Mass-tag barcoding can easily be integrated into the workflow for any single-cell analysis application. “The challenges we see in stem cell analysis are true for many other biological systems, so the role the CyTOF plays can be the same for these as well,” Zunder observes. “The number of experimental conditions you can test in complex biological systems is virtually infinite, when you consider all of the cell treatments you want to use at different times, with different concentrations, and in different combinations to get a handle on how your system is behaving.” Using mass cytometry in conjunction with mass-tag barcoding gives researchers the freedom to explore an almost unlimited data set, thereby accelerating the rate of discovery.
The advantages of barcoding have made it integral to Zunder’s work. “It's just standard practice now,” he says. “Everybody in our lab who runs CyTOF samples will barcode them.”
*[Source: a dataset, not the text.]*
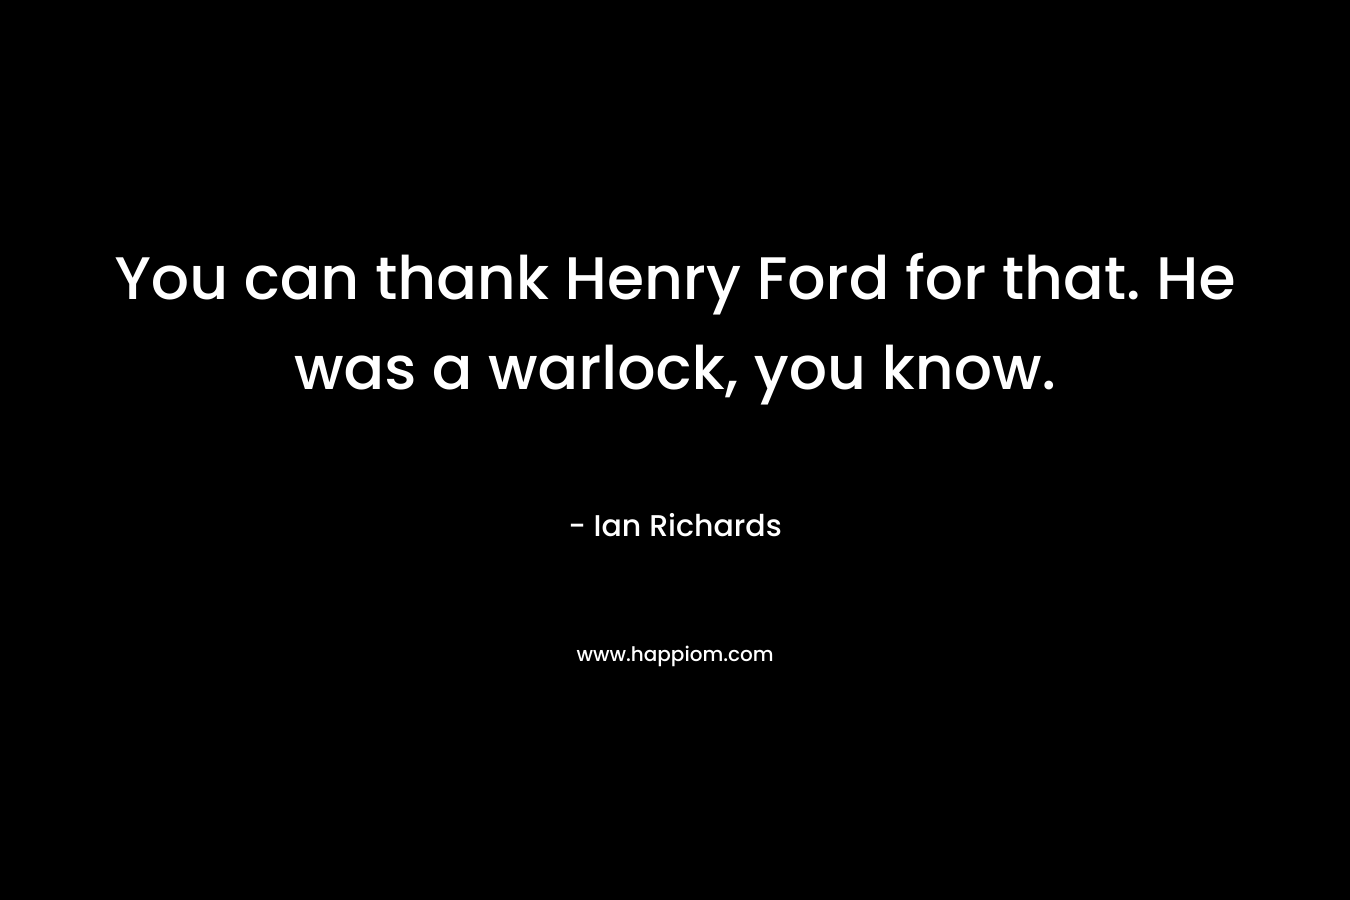 You can thank Henry Ford for that. He was a warlock, you know. – Ian Richards

Zunder and his team shared the full protocol for this approach in early 2015 in Nature Protocols Vol. 10, No. 2. Under a licensing agreement with Stanford University, Fluidigm standardized, tested and packaged a commercial version of Zunder’s protocol for mass-cell barcoding, along with a catalog of appropriate barcoding reagents, which is now available to its customers.
Zunder is more than pleased with this development. When he and his colleagues first began using barcoding for mass cytometry, they were willing to take risks, have things go wrong and make adjustments based on those results. “We had to do a lot of careful troubleshooting and reproducibility experiments in the beginning to optimize the barcoding protocol and reagents.” With the barcoding kit from Fluidigm, any lab with a mass cytometry instrument can adopt the new technique without the trial and error, delays and expense associated with developing a new protocol.
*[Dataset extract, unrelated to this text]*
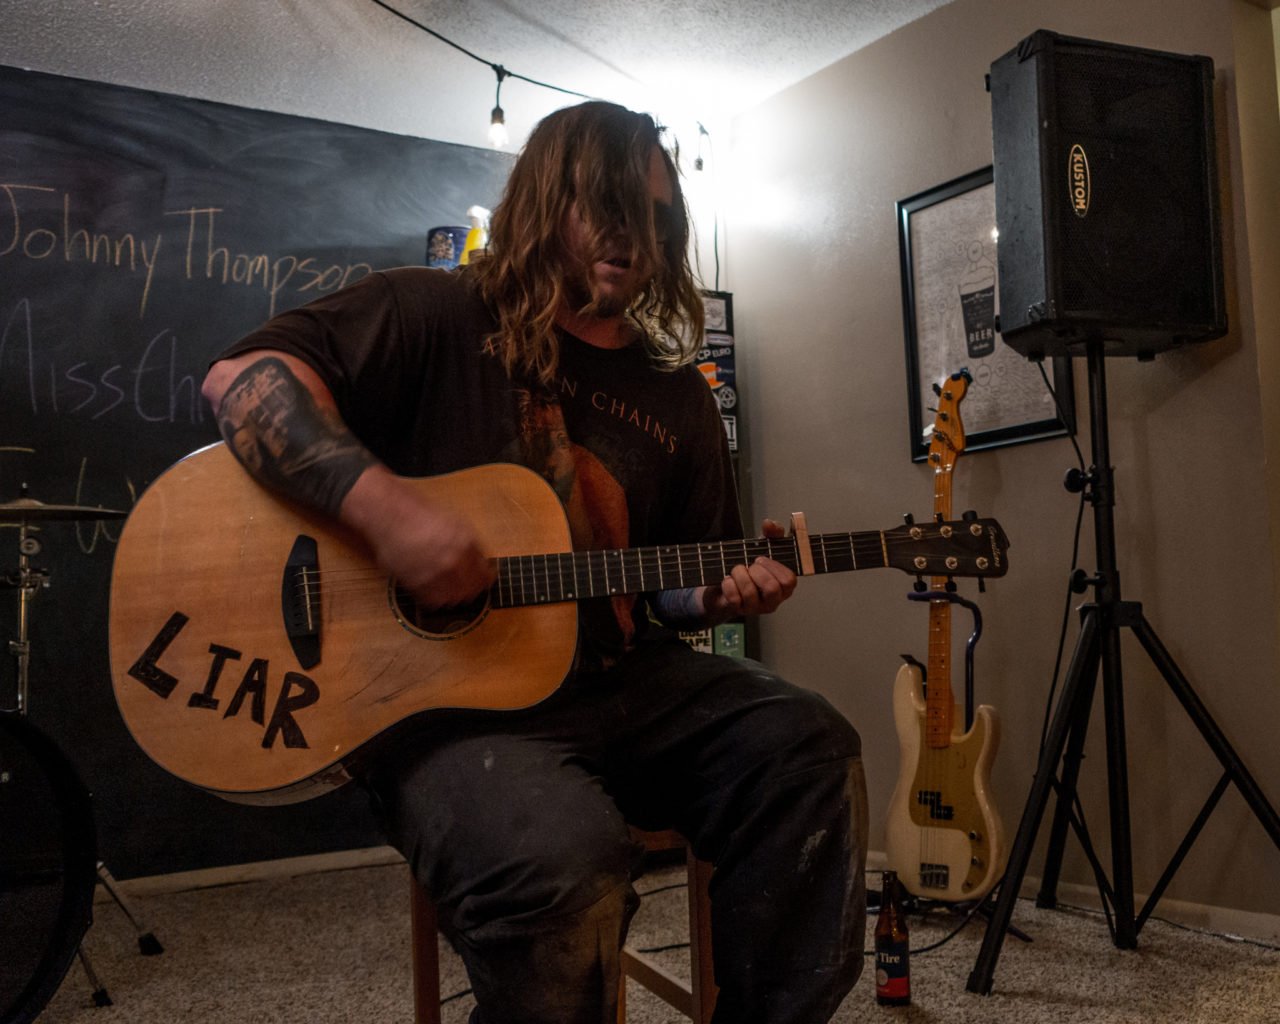 Johnny Thompson playing at our house show in Cedar Rapids, Iowa

From Zunder’s perspective, the applications for mass cytometry and barcoding in stem-cell biology are tremendous, with great future potential for stem-cell therapy and regenerative medicine. “Everybody knows that single-cell analysis is what we need, but the technology hasn’t always been easy to use or accessible,” he says. “For all practical purposes, before CyTOF and mass-tag barcoding, the experiments that I wanted to do were impossible.”